With the dust having settled on Week 8 we’re seeing a clearer picture as to where the chips will lay at the end of the season. The Bears’ chances seem to rest on the shoulders of Trubisky, who is underperforming in every sense of the word. The loss of defensive coordinator Vic Fangio this off-season, or the emotional blow that comes from losing a playoff game via double-doink, seems to have deflated the Bears’ defense as well.
They’re still a good unit but they’re far from the unit that instilled fear in opposing offenses last season. Without that unit creating (and scoring on) turnovers at the rate they did in 2018, the Bears have to rely more on Trubisky to, you know run the offense. That’s something he’s clearly not doing at a high rate and because of that, it’s safe to say that the Bears will be out of the running by the time the Vikings face them at the end of the season.
The Lions are hanging around but their defense is simply not good enough to elevate the team to the level of the Vikings and… Ugh… Packers, and I fully expect them to go what analysts have dubbed “Full Detroit” in the next four games. That’d leave the Vikings and the Packers vying for the division crown (or one of the NFC’s Wild Card spots). The Packers were lucky to have faced the Chiefs without Mahomes, something that might not be the case for the Vikings next Sunday.
However, I still feel like the Packers will fall (somewhat) back to Earth at some point, especially considering how many of their remaining games are on the road (and Rodgers’ career .500 record away from Lambeau). They’ve had a lot of luck, good timing and awful calls go their way this season and at some point, that’s going to catch up with them. That having been said, they’re clearly a better team than they were in 2018, mostly thanks to the changes on the sidelines with Matt LaFleur taking over for Mike McCarthy. There’s been a lot of internet ink spilled lauding LaFleur and his system (which is essentially Vikings offensive coordinat… I mean consultant, Gary Kubiak) and what it’s meant for Rodgers and company, but I will stick by my article from earlier this season which stated that the Vikings had nothing to fear in Rodgers and the Pack.

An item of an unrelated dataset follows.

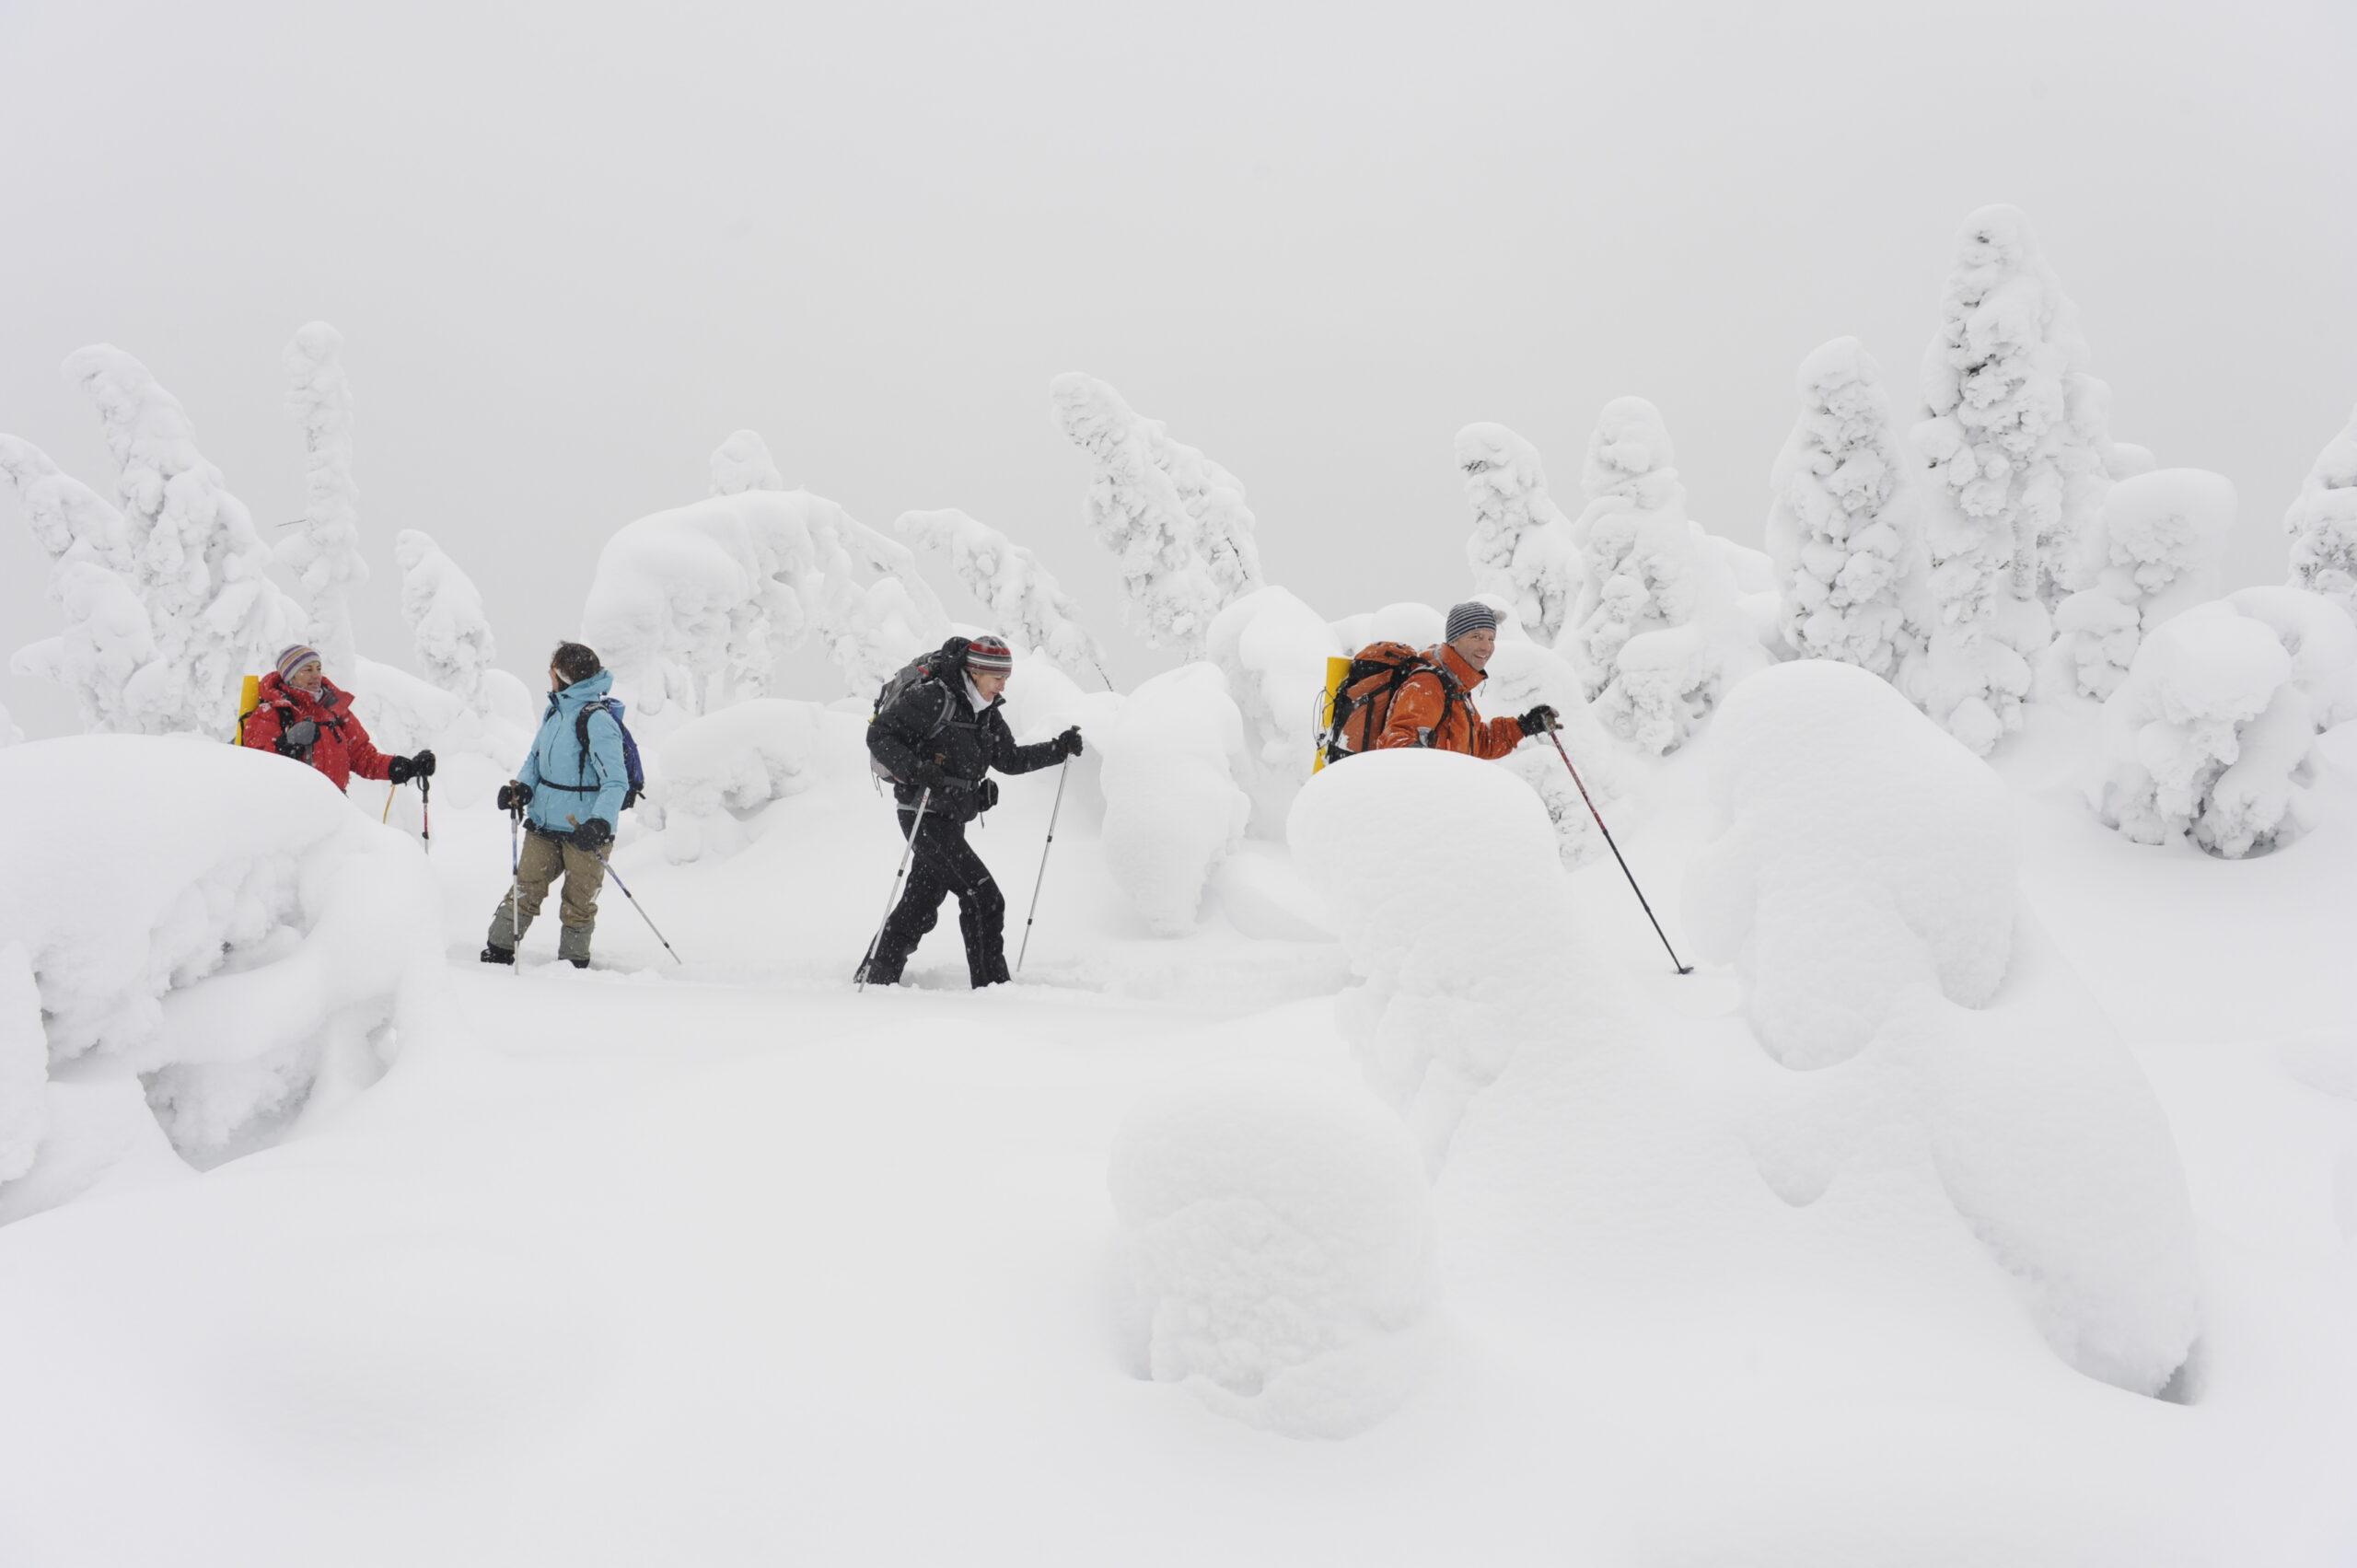 Winter Sports in Canada - Gaspésie National Park

Their defense is still young and Rodgers is playing a lot more like the Rodgers of old, but he has still made the mistakes that a younger Rodgers wouldn’t. A lot has been made of the help the Packers have received from officials, and there is a lot of smoke there, but I still think that they’ve been winning a lot of these games unsustainably (repeated “lucky” calls, balls bouncing a particular way, etc.). I fully expect the Vikings to best the Packers at home to even the season series, the real question then becomes who ends up with the better record across the final seven games this season.
The Packers face the Panthers (4-3), Redskins (1-7), and Bears (3-5) at home while facing the Chargers, Vikings (6-2), 49ers (7-0), Giants (2-6), and Lions (3-3-1) on the road.
That’s a final schedule win/loss of 26-24, a home record of 8-15 and a road record of 18-9-1. Considering Rodgers’ mediocrity on the road over his career, I likes them odds. The Vikings face the Broncos (2-6), Lions (3-3-1), Packers (7-1) and Bears (3-5) at home and the Chiefs (5-3), Seahawks (6-2), Chargers (3-5), and Cowboys (4-3) on the road. That’s good for a remaining record of 33-28-1, an even 15-15-1 at home and 18-13 on the road. While you’d think that the discrepancy of home games favors the Packers, they do face one less team at home and thus one more on the road. That one game could be the difference for these teams who are currently neck and neck (especially assuming the Vikings win at home against the Pack week 16).